*** Opening INFORMATION SUPPLIED ***

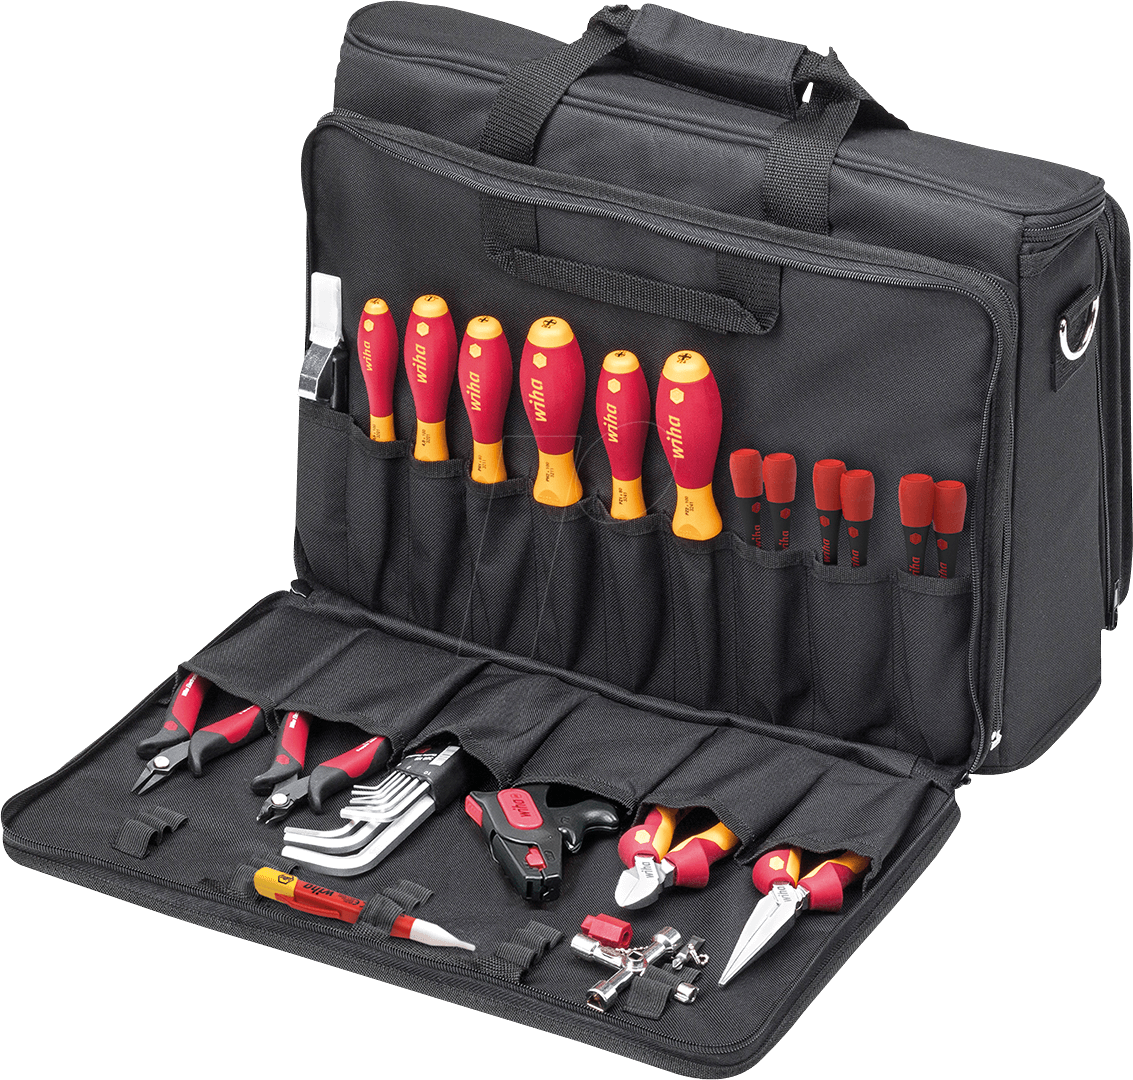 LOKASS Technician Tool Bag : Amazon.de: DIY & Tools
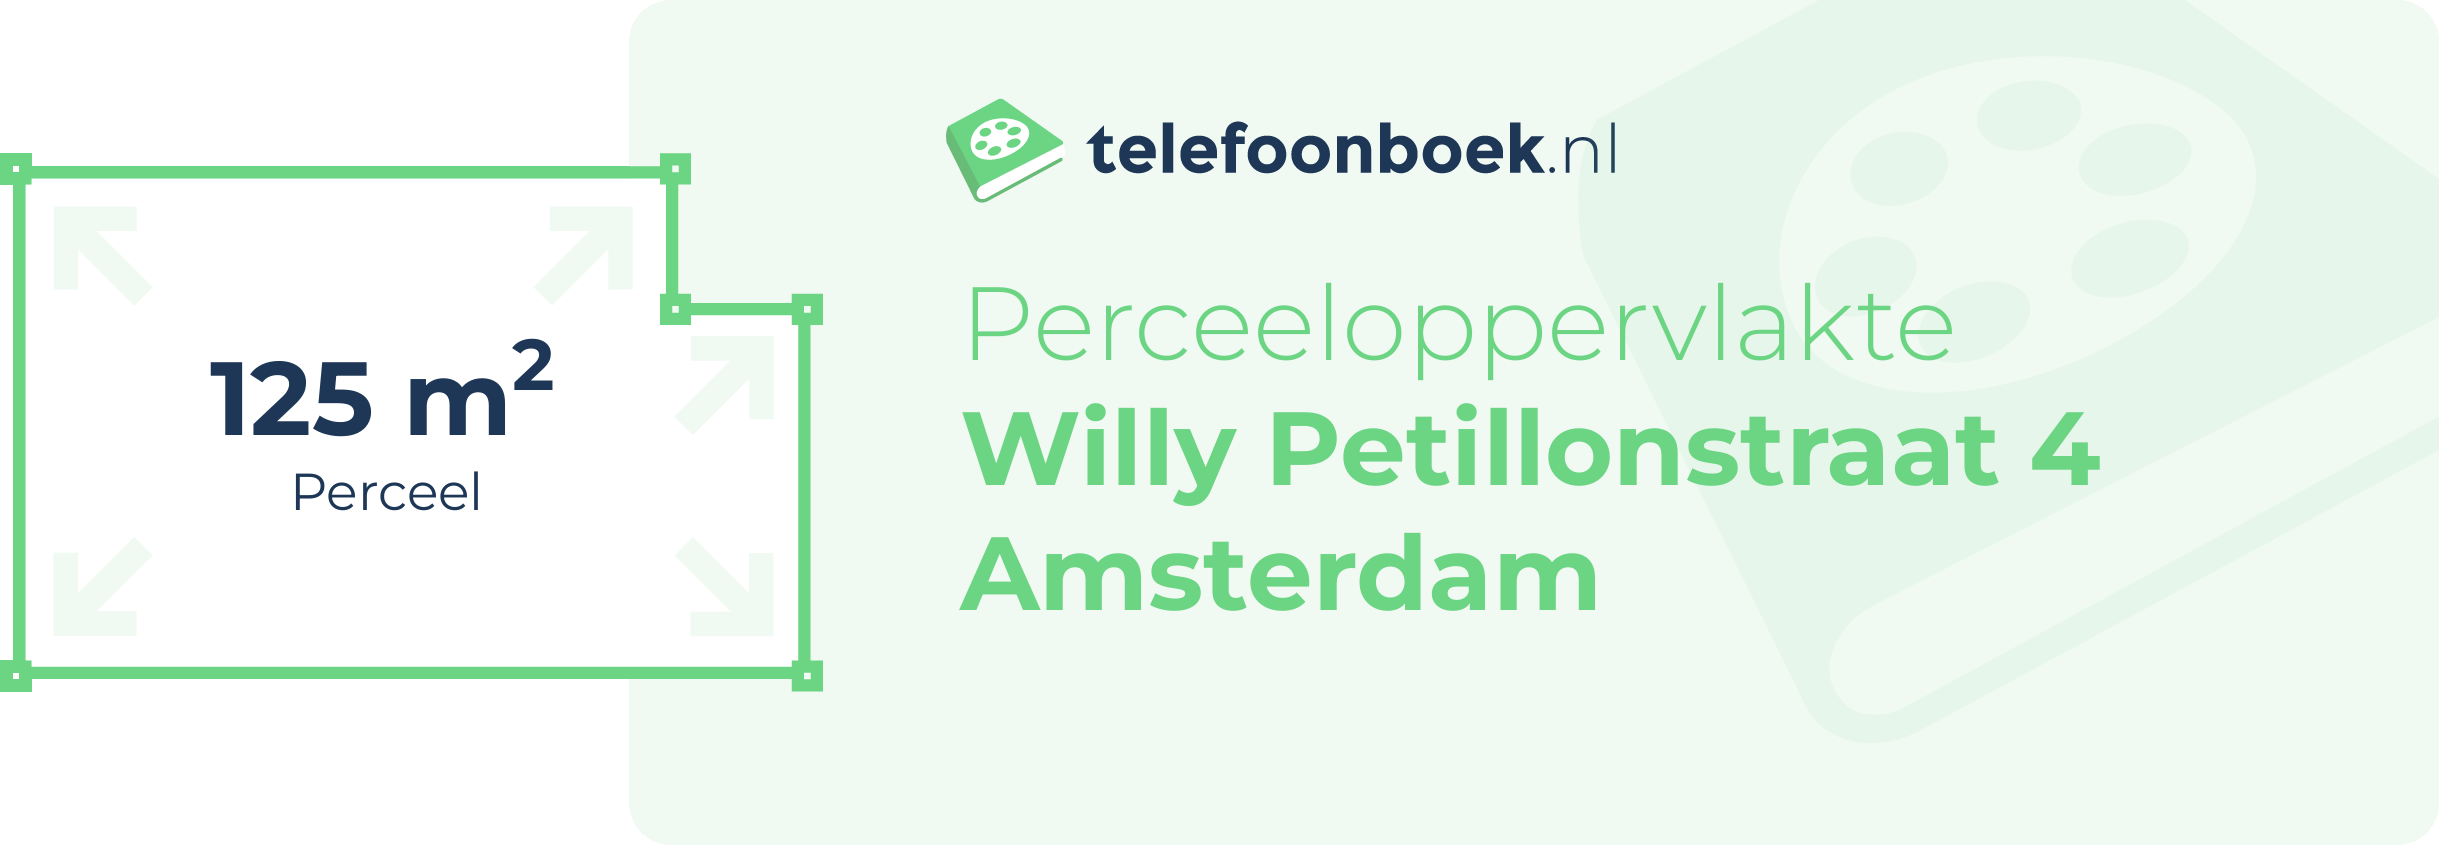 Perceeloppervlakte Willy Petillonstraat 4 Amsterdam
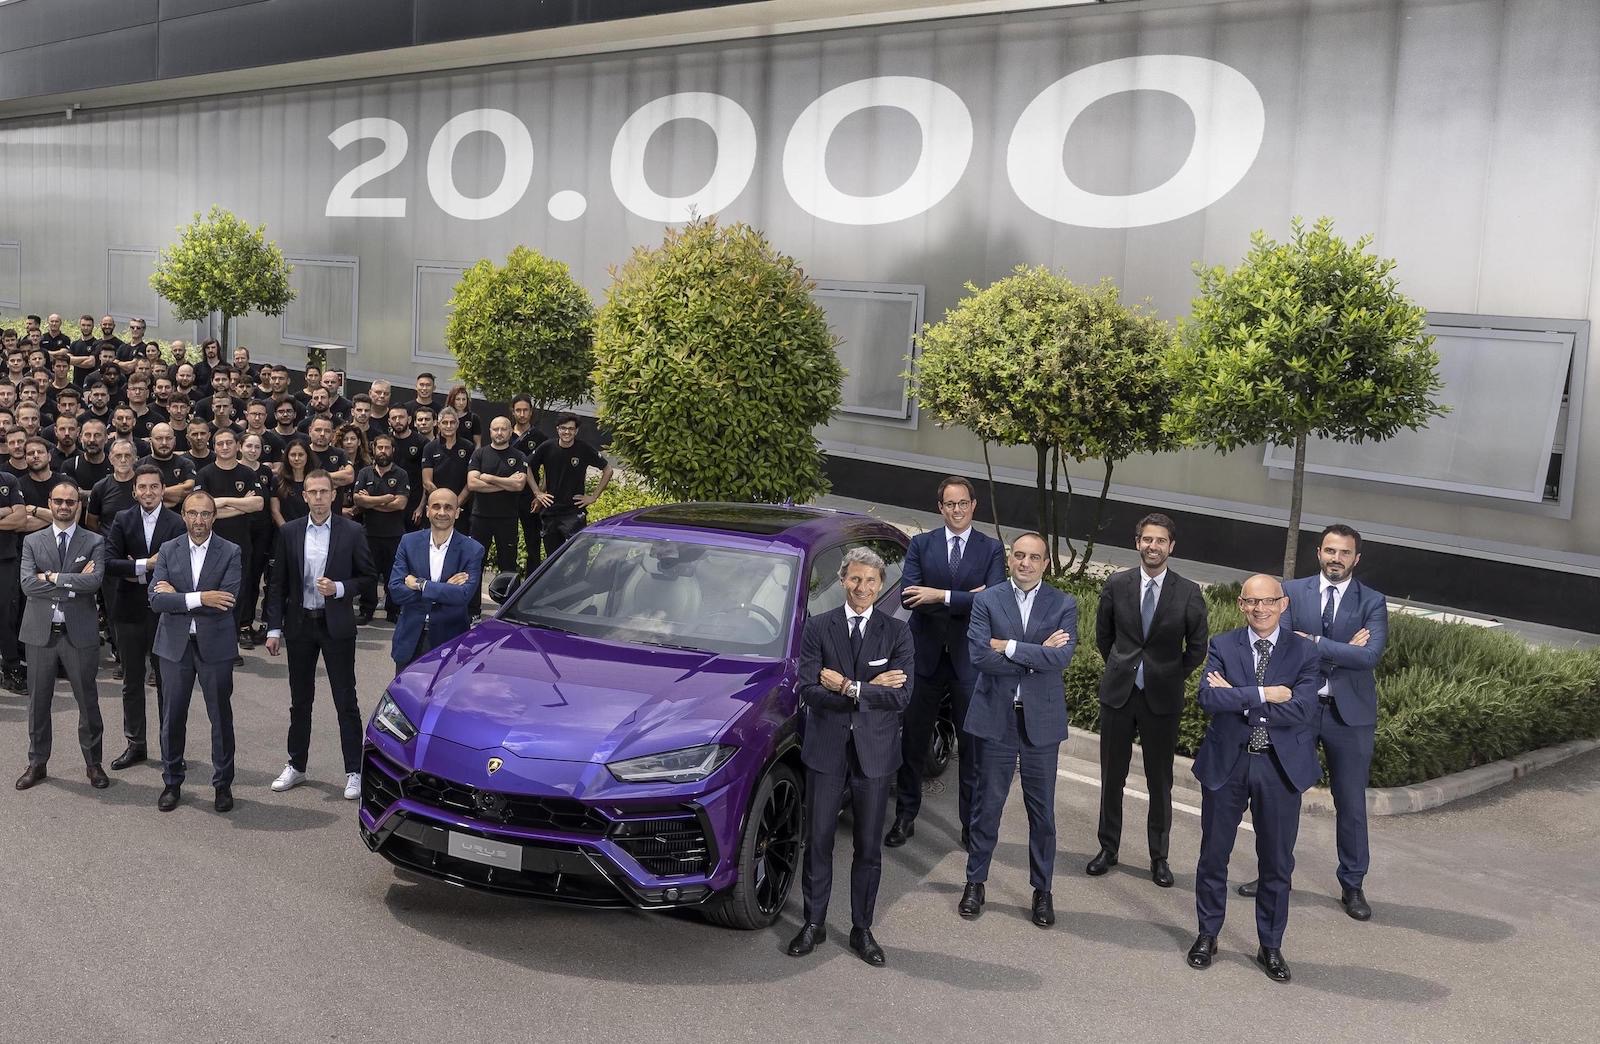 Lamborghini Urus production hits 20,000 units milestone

*** Closing INFORMATION SUPPLIED ***

■ TASK: Omit the pictures and output all remaining material exactly.

■ RESPONSE AREA:
 LOKASS Technician Tool Bag : Amazon.de: DIY & Tools
 Perceeloppervlakte Willy Petillonstraat 4 Amsterdam
 Lamborghini Urus production hits 20,000 units milestone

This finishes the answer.